Answer with the exact lines of the following material from the one containing "A 1961 Bell" through the one containing "Mixed lot of electrical cable - Image 3 of 3", both end lines included.

§ Given records:
___

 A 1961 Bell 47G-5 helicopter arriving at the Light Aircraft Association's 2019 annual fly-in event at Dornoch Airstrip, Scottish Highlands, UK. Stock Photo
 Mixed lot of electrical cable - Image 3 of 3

___

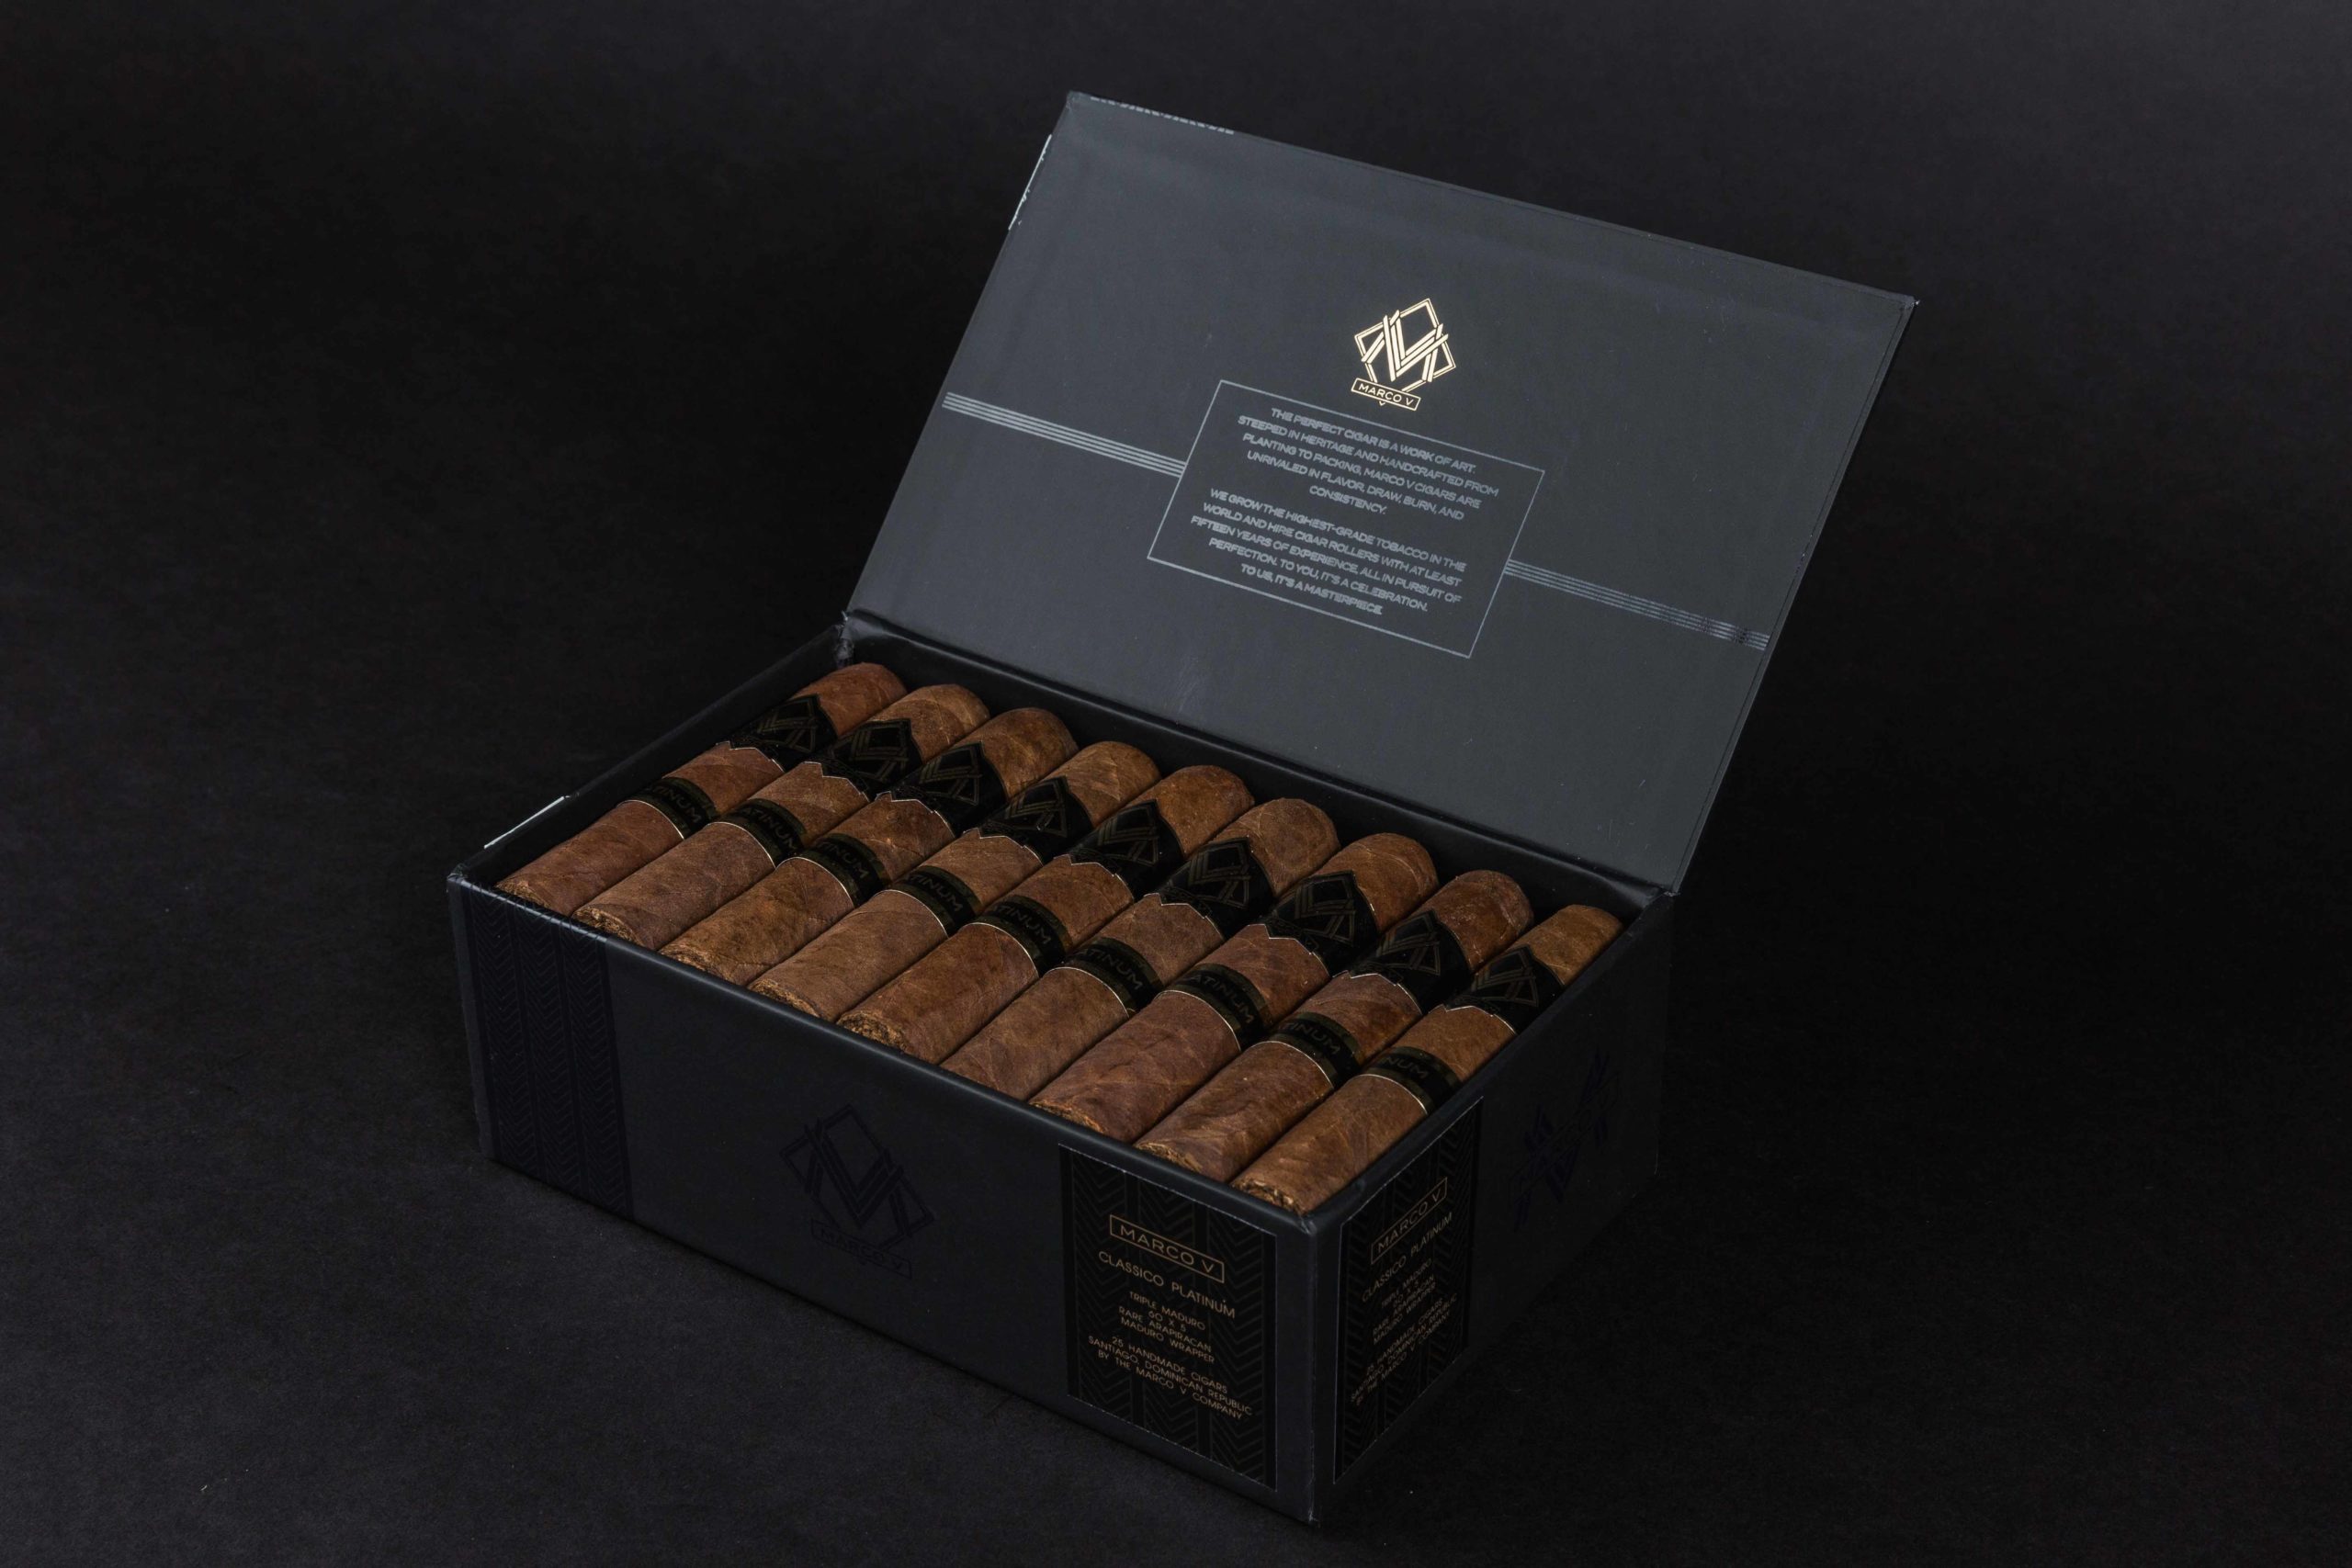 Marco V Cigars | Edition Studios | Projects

___

§ Your response:
 A 1961 Bell 47G-5 helicopter arriving at the Light Aircraft Association's 2019 annual fly-in event at Dornoch Airstrip, Scottish Highlands, UK. Stock Photo
 Mixed lot of electrical cable - Image 3 of 3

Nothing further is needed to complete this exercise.